We argue that the prevailing constructivist stance on identity – the attempt to “soften” the term, to acquit it of the charge of “essentialism” by stipulating that identities are constructed, fluid, and multiple – leaves us without a rationale for talking about “identities” at all and ill-equipped to examine the “hard” dynamics and essentialist claims of contemporary identity politics. “Soft” constructivism allows putative “identities” to proliferate. But as they proliferate, the term loses its analytical purchase. If identity is everywhere, it is nowhere. If it is fluid, how can we understand the ways in which self-understandings may harden, congeal, and crystallize? If it is constructed, how can we understand the sometimes coercive force of external identifications? If it is multiple, how do we understand the terrible singularity that is often striven for – and sometimes realized – by politicians seeking to transform mere categories into unitary and exclusive groups? How can we understand the power and pathos of identity politics?
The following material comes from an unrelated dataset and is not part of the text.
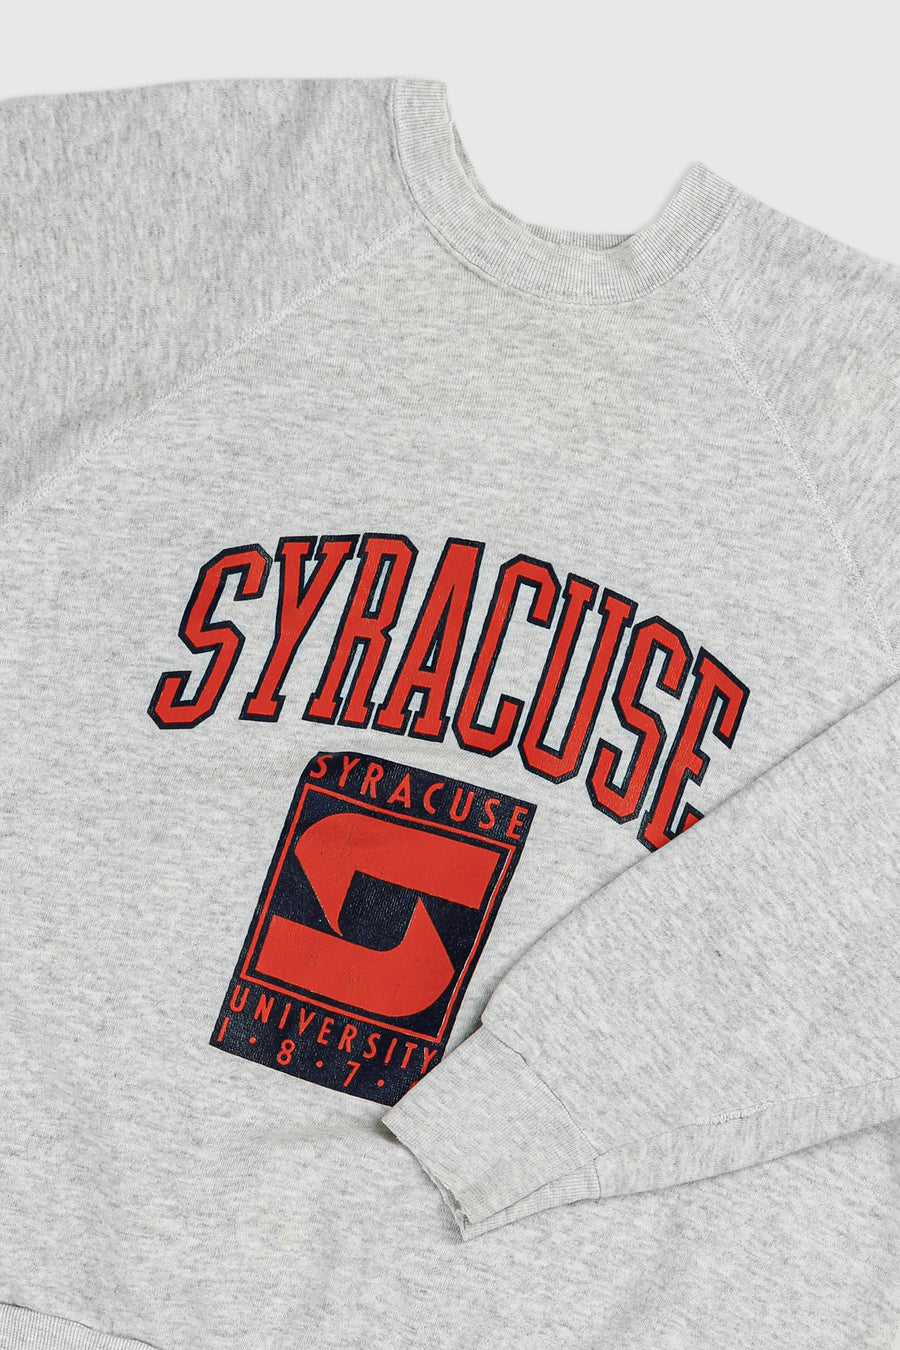 Vintage Syracuse University Sweatshirt - XL
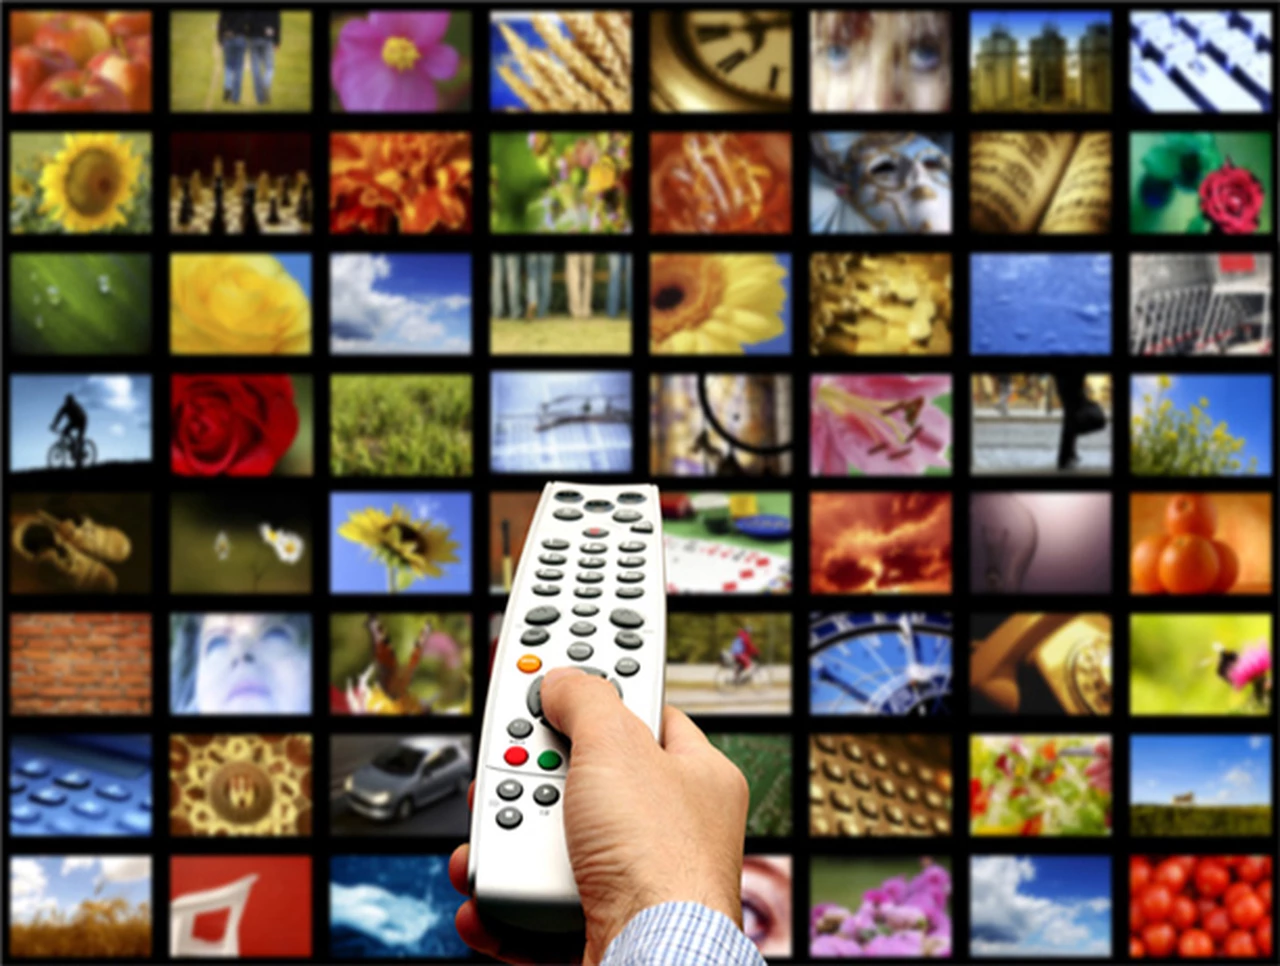 La televisión paga continuará creciendo más allá de los cambios en los comportamientos de consumo

Brubaker, Rogers, and Frederick Cooper. “Beyond ‘identity’.” Theory and society 29, no. 1 (2000): 1.

I’m not sure I agree with or even entirely understand what they’re saying there, but it does remind me… that while there’s no particular reason for me to oppose people giving names to the patterns they’ve noticed in themselves, I don’t want the ace community to direct its real focus anywhere but on the material impacts of amato/heteronormative societal structures & the medicalization of sexuality.  I don’t want us to lose sight of criticizing overarching coercive forces in the name of nominal visibility and awareness.  I want us to break these structures, not carve out additional spaces within them.  And while we deserve to create the terms that help us make peace with ourselves, verbage alone does not interrogate what stole that peace to begin with.


groggy after-work blogging

This rant turned out longer than I expected.  Maybe I should clean it up and make a post on TAA?

Put my vote down as yes.

Also for the record I was fuming at that “you’re not gray-a, you’re burstsexual” thing you mentioned.

Okay that’s all I can type for now.  Good night.